SIENA/MILAN (Reuters) - Italian prosecutors probing Monte dei Paschi’s 2007 acquisition of a smaller rival are investigating U.S. investment bank JP Morgan over an alleged crime committed by one of its employees, according to a prosecutors’ document.
The document, seen by Reuters, said the alleged crime was the obstruction of Italian regulators by an unknown JP Morgan employee relating to a 1 billion euro ($1.3 billion) hybrid financial instrument used to partly fund Monte dei Paschi’s purchase of Antonveneta.
JP Morgan denied any wrongdoing and said it would defend itself vigorously. “We believe that JP Morgan and its employees acted correctly at all times,” it said in an emailed statement.
Monte dei Paschi is also under investigation in the probe for a range of alleged crimes including market manipulation and making false statements to the market, as are its former chairman Giuseppe Mussari, its former director general Antonio Vigni and seven other former bank employees.

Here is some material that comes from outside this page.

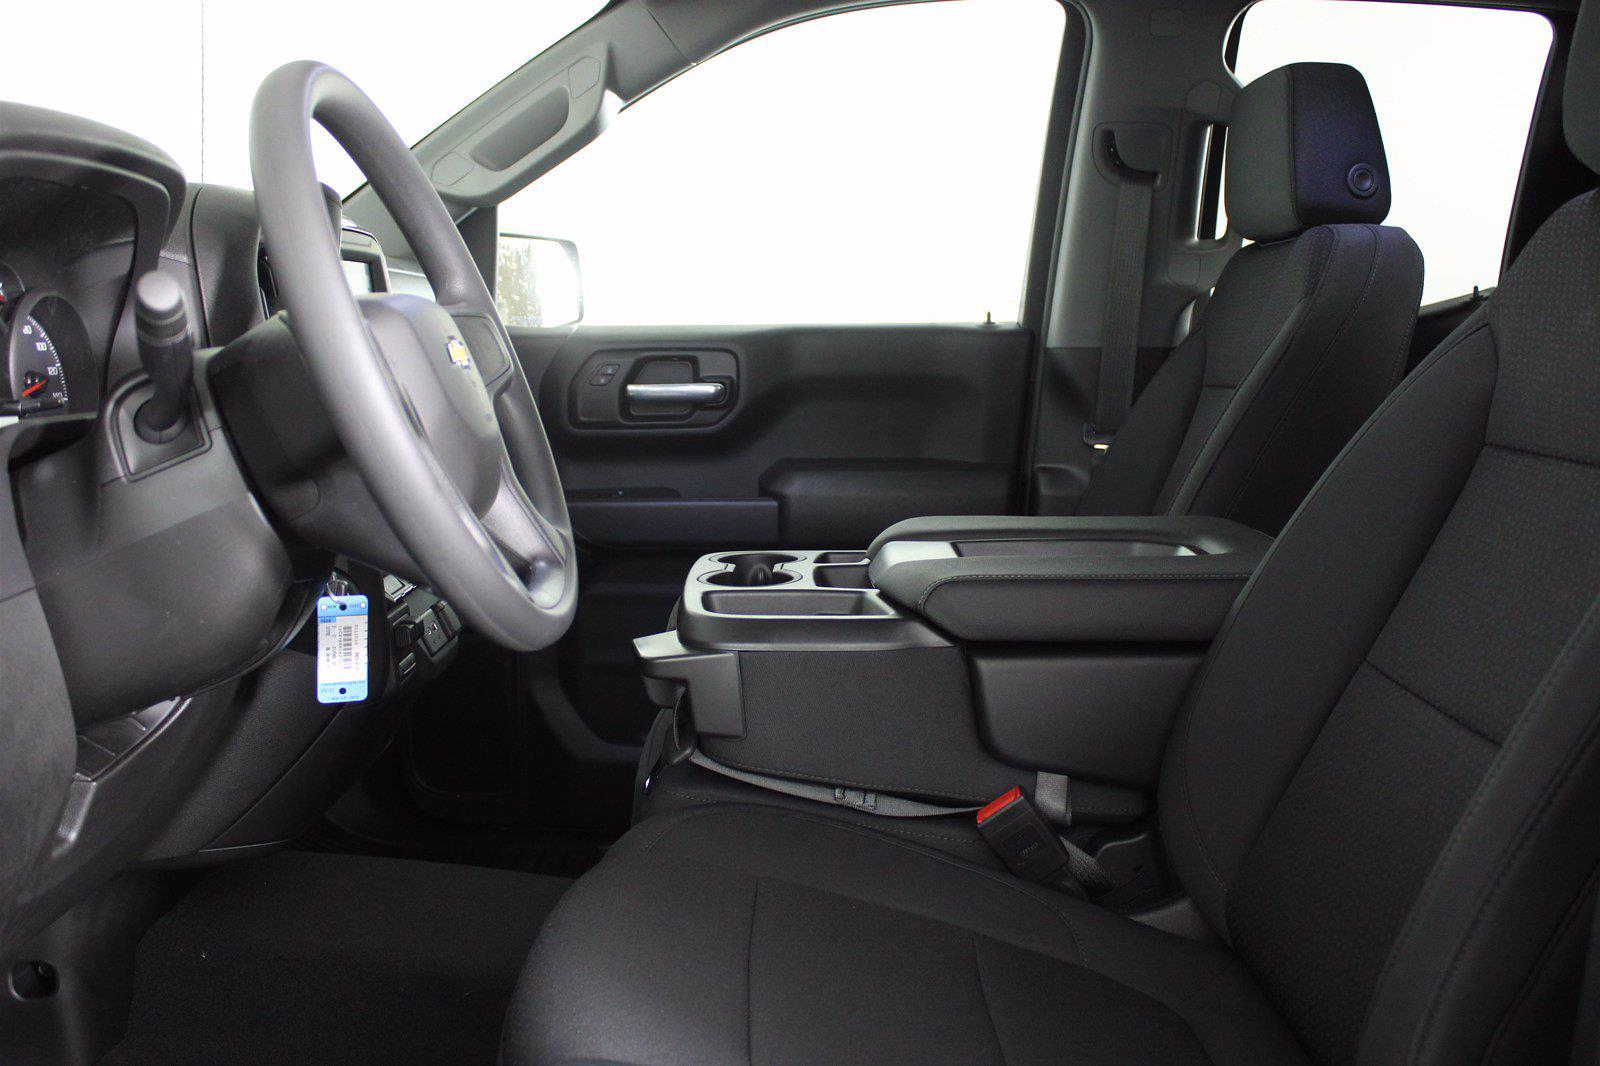 2021 Chevrolet Silverado 1500 Double Cab 4x4, Pickup #D111013 - photo 14
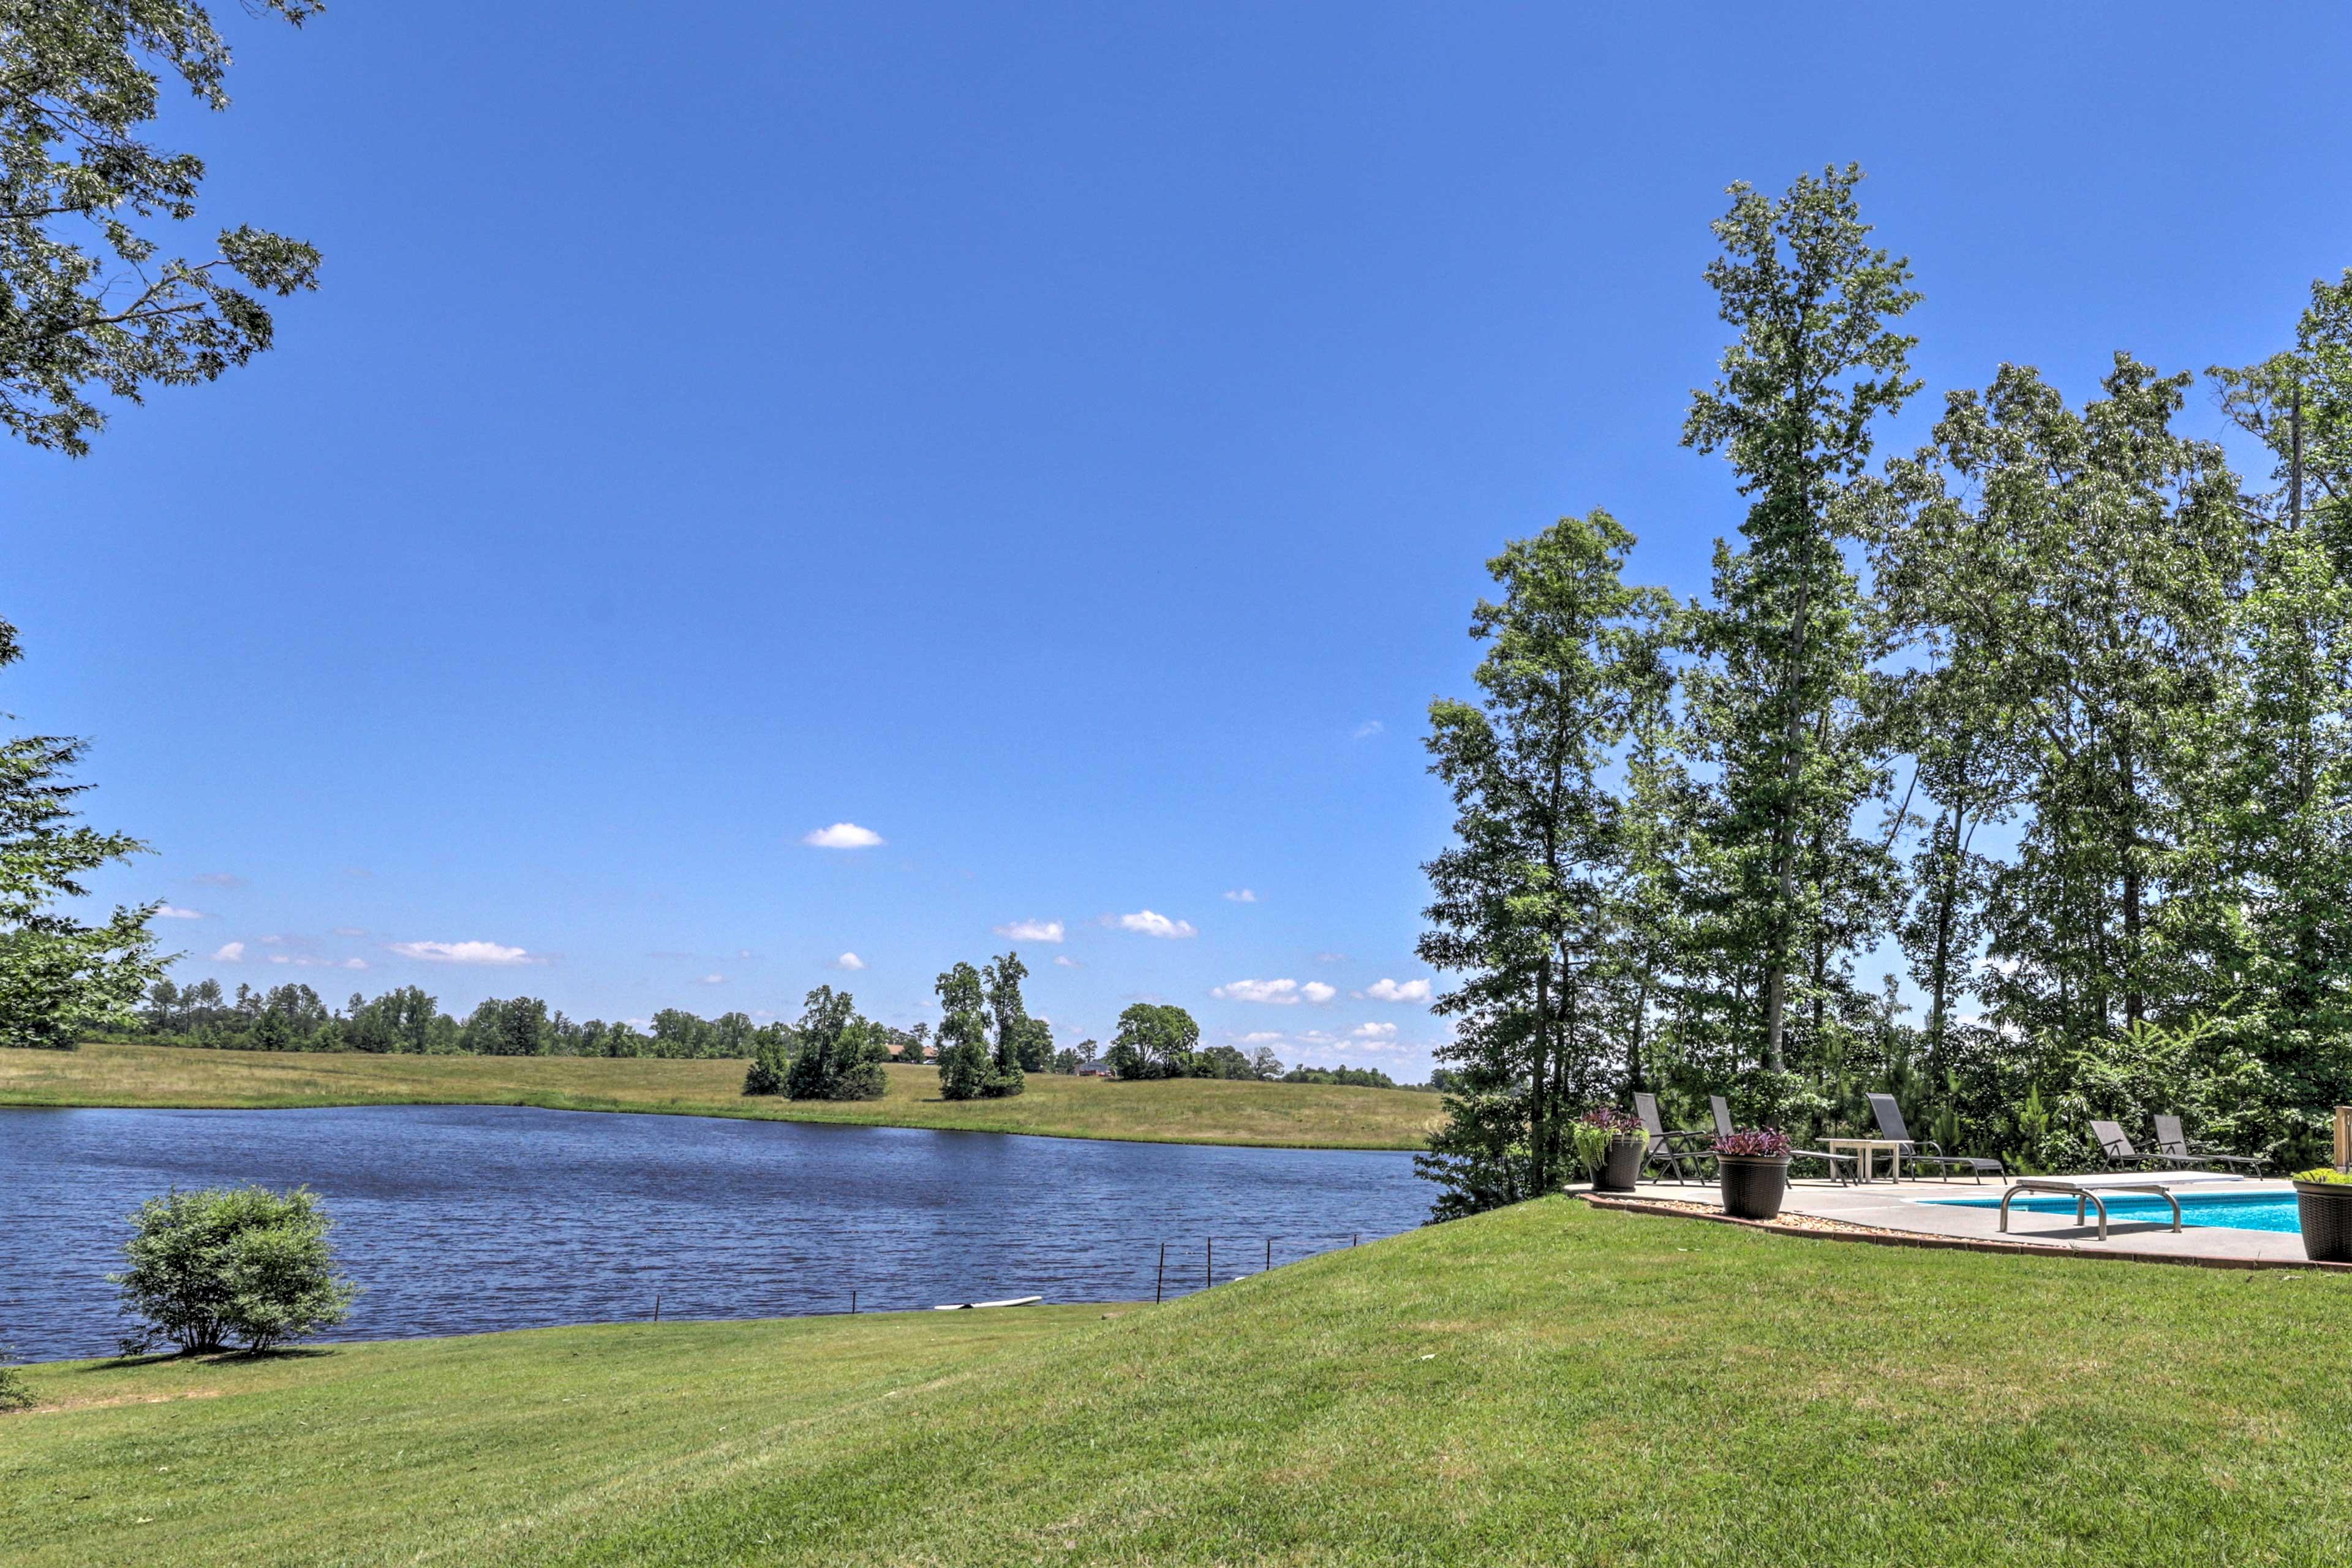 Enjoy long days fishing and boating on the beautiful lake.

Under Italy’s 231 law, a company can be held responsible if it is deemed that it failed to prevent, or attempted to prevent, a crime by an employee that benefited the company.
In the document, Italian prosecutors allege the JP Morgan employee failed to inform the Bank of Italy of a deal which they say violated requirements set by the central bank over the hybrid instrument, known as FRESH 2008.
They allege the unknown employee had “a representative, administrative and management role” at the U.S. bank.
The document, which wraps up a preliminary investigation started in October 2011 and was sent to all the parties involved, says the alleged crime was committed “in the interest and to the benefit of JP Morgan”.
The FRESH 2008 instruments in question were essentially notes convertible into Monte dei Paschi’s shares that JP Morgan sold to a number of investors.
The prosecutors allege that Monte dei Paschi struck a so-called indemnity agreement with JP Morgan which protected the U.S. bank from potential losses related to FRESH 2008.
JP Morgan said it never benefited from the indemnity, which it said “only existed for a matter of days.”
“No claim was ever made under this indemnity ... either for the benefit of JP Morgan or any of its employees,” it said.
The FRESH notes were issued as part of a deal under which JP Morgan underwrote a 950 million euro capital increase in Monte dei Paschi to help the Italian bank fund the acquisition of Antonveneta from Spain’s Santander. The acquisition was announced in November 2007 and completed in May 2008.
Prosecutors allege the deal hid the real risks faced by Monte dei Paschi, which was already stretched and struggling to afford the 9 billion euro price tag for Antonveneta.
They also allege the indemnity agreement violated requirements set by the Bank of Italy by making FRESH 2008 work like a bond rather than an hybrid equity instrument.
Monte dei Paschi needed to show the Bank of Italy that it had sufficient equity capital in place to win approval for Antonveneta takeover.
Based on the information officially received from the bank, the regulator allowed Monte dei Paschi to calculate those notes as core Tier 1 capital, a measure of a bank’s financial strength which is closely monitored by regulators, boosting its capital base and allowing it to demonstrate its finances were solid enough to absorb the Antonveneta deal.
The central bank had initially raised objections about the FRESH operation, saying in its original form its was too similar to a bond, and demanded changes to ensure that if Monte dei Paschi made no profit, it would have no financial obligations towards JP Morgan or the investors in FRESH 2008.
However, prosecutors allege the secret indemnity agreements violated that requirement, putting the financial burden of the operation squarely on Monte dei Paschi.
The Monte dei Paschi probe widened this year to loss-making derivative contracts carried out by its previous management. The lender received a 4 billion euros state bailout in February.